ECLI:NL:RBZWB:2021:6465
Rechtbank Zeeland-West-Brabant
- Vereenvoudigde behandeling
- Rechtspraak.nl
Beroep tegen niet-ontvankelijk verklaring van bezwaar tegen boetebeschikking inkomstenbelasting
Op 17 december 2021 heeft de Rechtbank Zeeland-West-Brabant uitspraak gedaan in de zaak BRE 20/7350, waarin belanghebbende in beroep ging tegen een niet-ontvankelijk verklaring van zijn bezwaar tegen een boetebeschikking in de aanslag inkomstenbelasting en premie volksverzekeringen voor het jaar 2017. De rechtbank oordeelde dat het bezwaarschrift te laat was ingediend, aangezien de wettelijke termijn van zes weken na de dagtekening van de boetebeschikking op 9 oktober 2019 was verstreken. Belanghebbende had zijn bezwaarschrift pas op 20 maart 2020 ingediend, wat leidde tot de niet-ontvankelijk verklaring door de inspecteur van de Belastingdienst.

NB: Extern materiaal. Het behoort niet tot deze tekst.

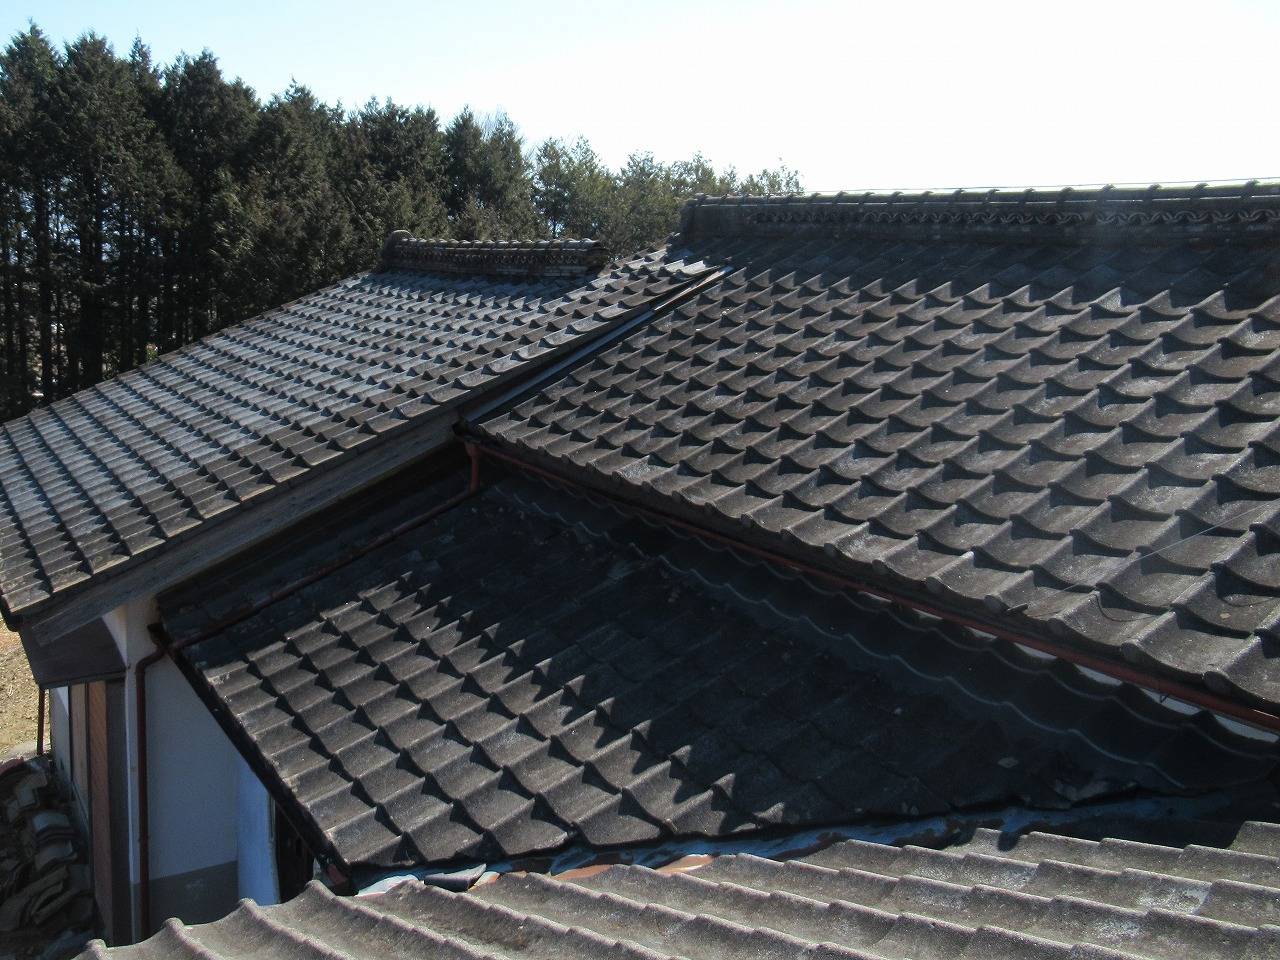 韮崎市で瓦屋根からガルバリウム鋼板屋根に葺き替え工事をしました

Belanghebbende voerde aan dat hij door problemen met zijn (voormalig) gemachtigde en de ziekte van zijn echtgenote niet in staat was om tijdig bezwaar te maken. De rechtbank oordeelde echter dat deze omstandigheden niet voldoende waren om de termijnoverschrijding als verschoonbaar te kwalificeren. De rechtbank benadrukte dat belanghebbende zelf verantwoordelijk is voor het tijdig indienen van zijn bezwaarschrift en dat problemen met een gemachtigde voor zijn risico komen.
De rechtbank verklaarde het beroep tegen de uitspraak op bezwaar ongegrond en het beroep tegen de ambtshalve beslissing niet-ontvankelijk, omdat de bezwaarfase niet was doorlopen. De rechtbank droeg de inspecteur op om het beroepschrift als bezwaarschrift in behandeling te nemen. Er werd geen proceskostenveroordeling uitgesproken. Deze uitspraak is openbaar gemaakt op www.rechtspraak.nl.